Indian railway engineer, epigraphist, and historian

A. B. Walawalkar (27 December 1897 – 23 December 1970) was an Indian railway engineer, epigraphist, and historian. He is regarded as the founder of Konkan Railway. Born on 27 December 1897, he was from the village of Walawal in Kudal Taluka of Sindhudurg District in Maharashtra. He belongs to Naik Maratha Samaj of Sindhudurg.

== Career ==

=== Railway engineering ===
Shri Arjun Balwant Walawalkar joined Central India Railway (presently Western Railway) in its Engineering Drawing Department in 1922. In 1952 he published a booklet on Konkan Railway Project. He delivered seminars and wrote many articles in local and national newspapers about this project. Many people criticized Walawalkar, believing the project was not useful.

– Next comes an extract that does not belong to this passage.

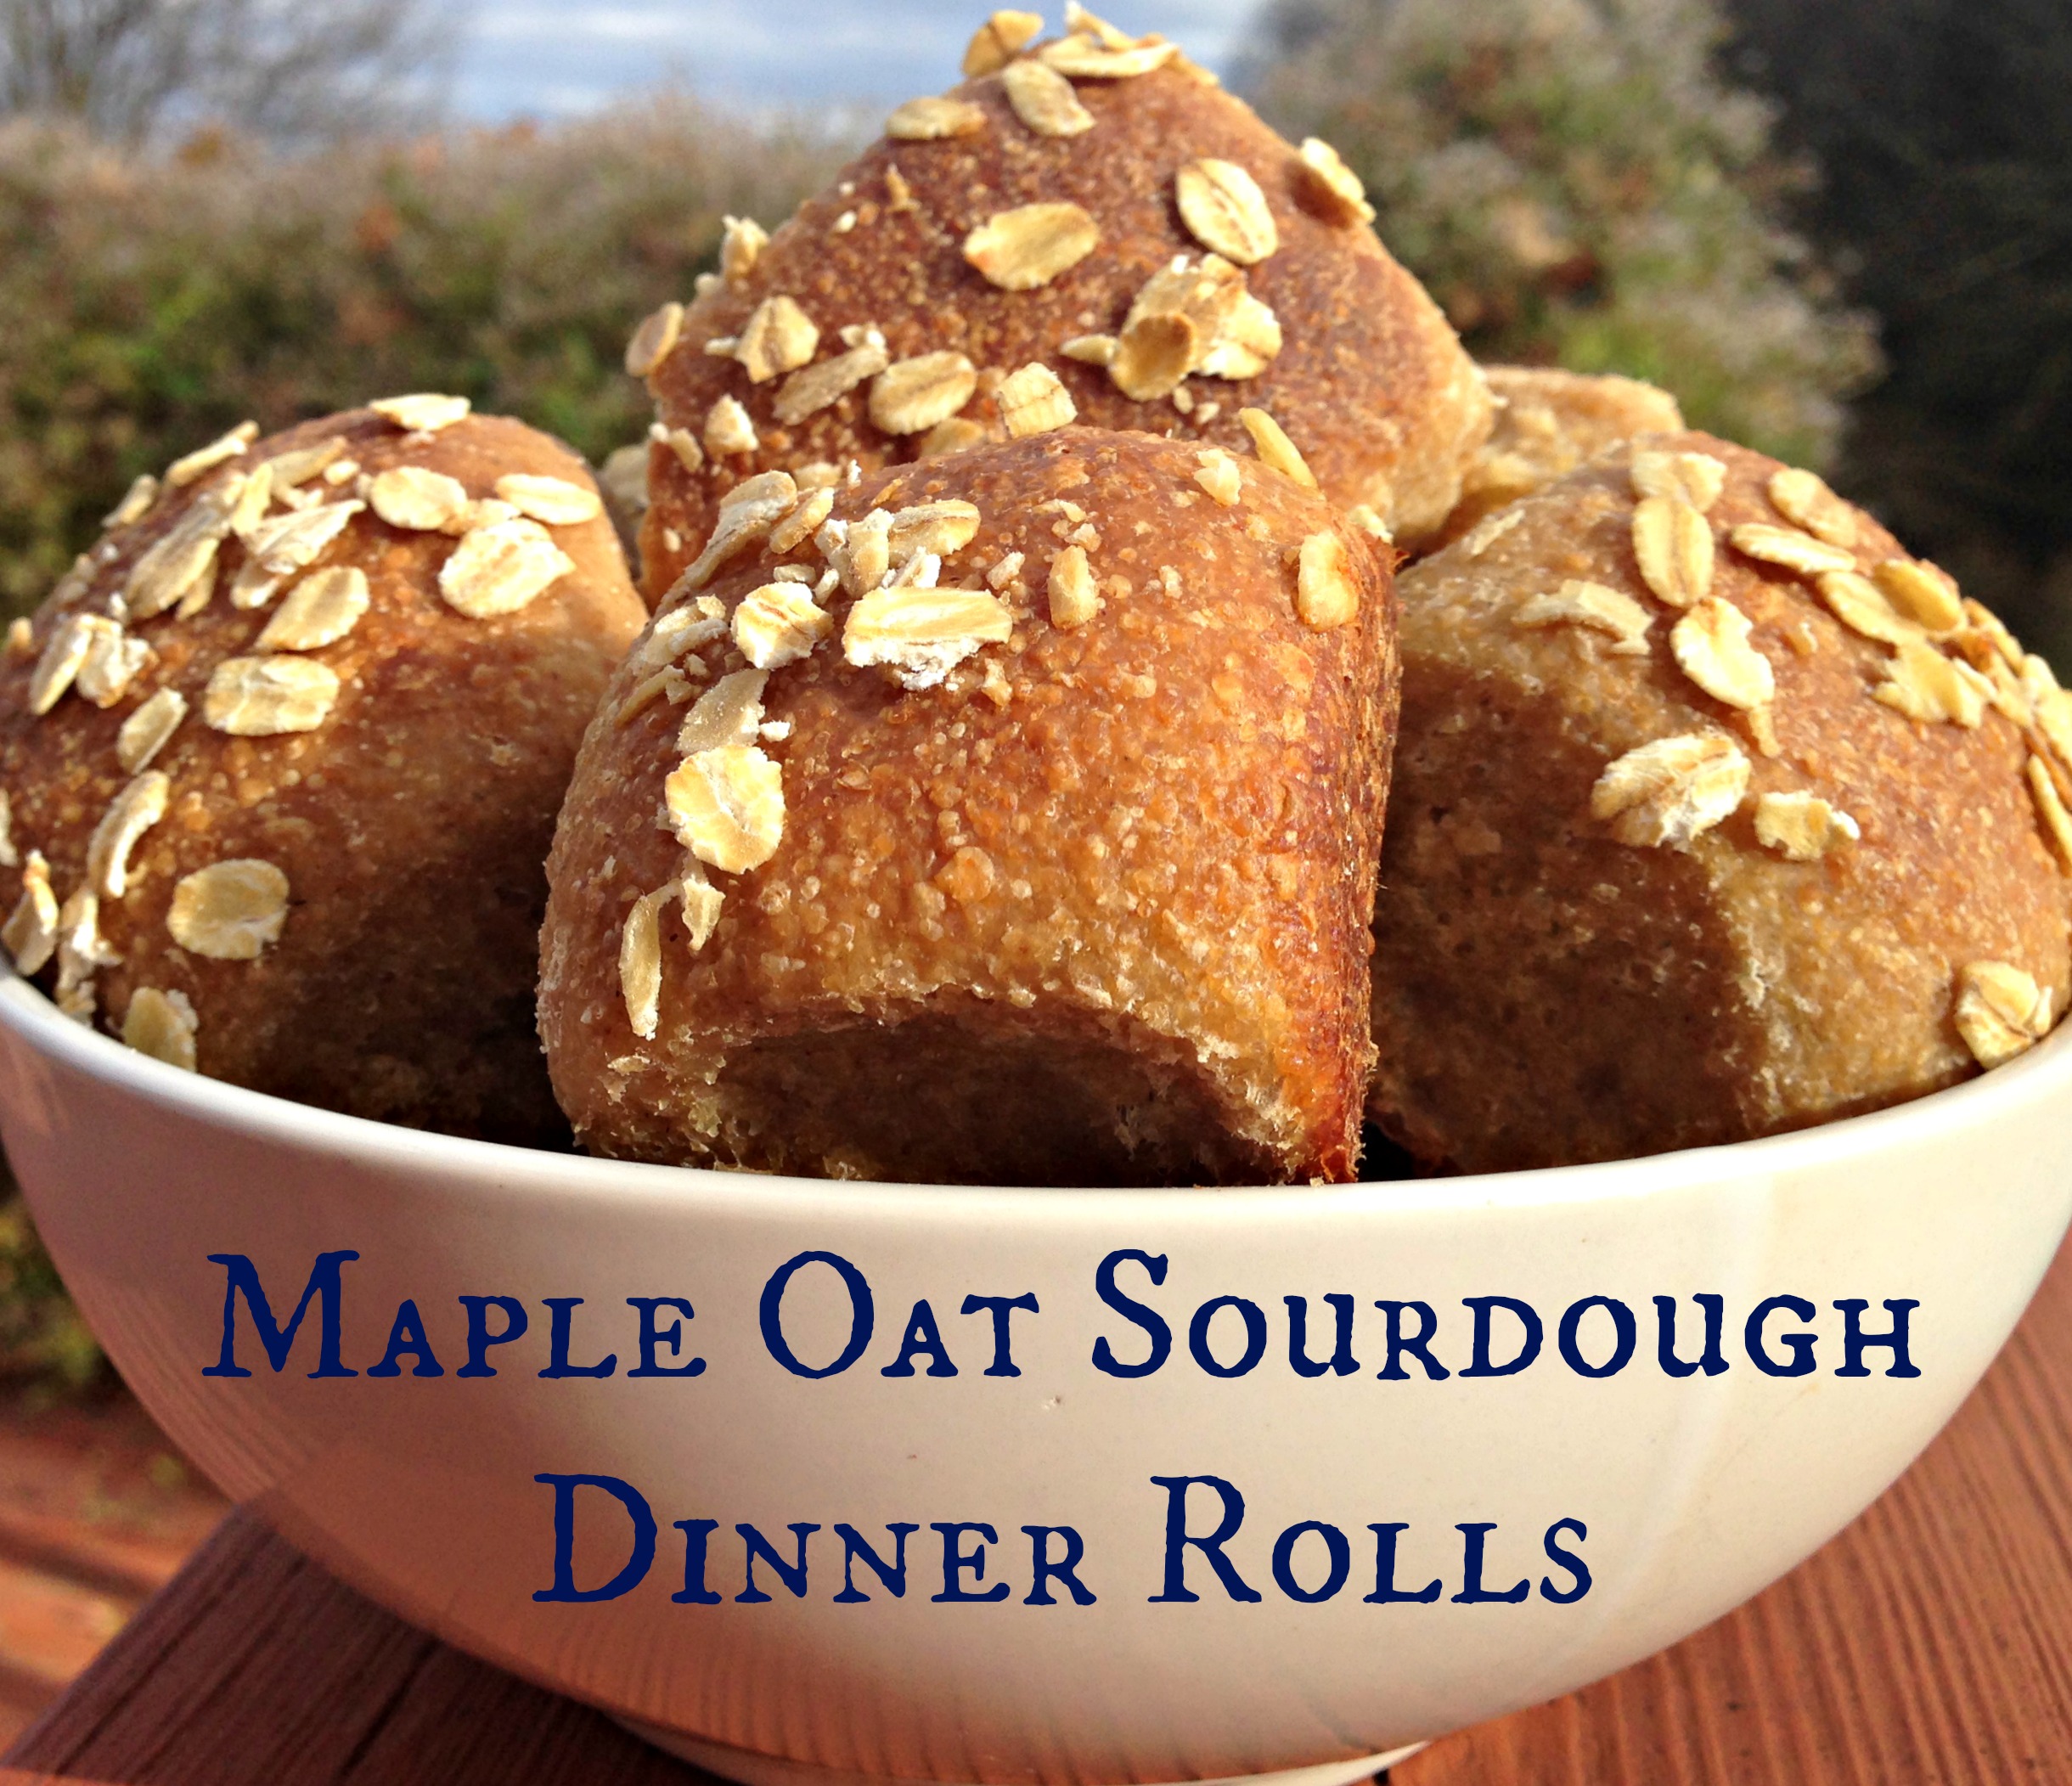 Maple Oat Sourdough Dinner Rolls on the Grain Mill Wagon, by Kristen @ Smithspirations

=== Indian epigraphy and history ===
Besides his public career, he was an eminent epigraphist. He studied the Brahmi epigraphy in ancient India. He tried to decipher the Indus script. He suggested a theory of development of the Indian epigraphic system according to the Maheshwara Sutras. He also proposed that the Indus script is akin to the Assyrian cuneiform & both have developed from an ancient Indic script, which he called 'Pre-Ashokan Brahmi'.

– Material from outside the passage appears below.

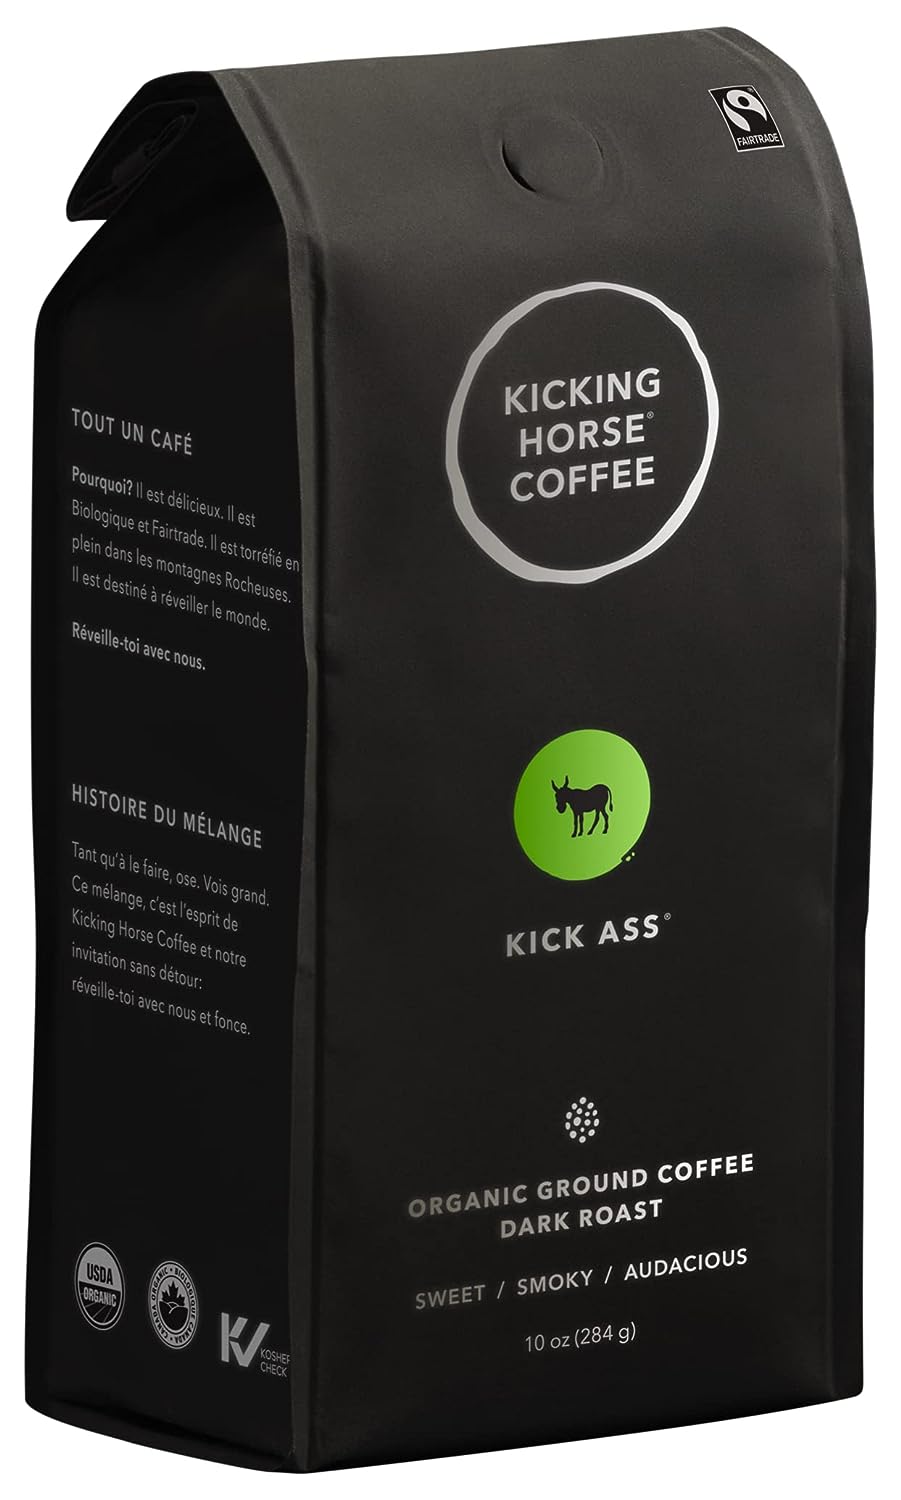 $4.94 w/ S&S: 10-Oz Kicking Horse Organic Ground Coffee (Dark Roast)

He also studied medieval inscriptions in South Konkan & proposed new theories about the history and origin of the Sawant rulers of Sawantwadi. He theorized that Mang Sawant described in an inscription at Mathgaon (located in Vengurla Taluka), was an earlier ruler of Kudal region and ancestor of the Kshatriya Sawant family, who migrated to South Konkan after the fall of the Shilaharas.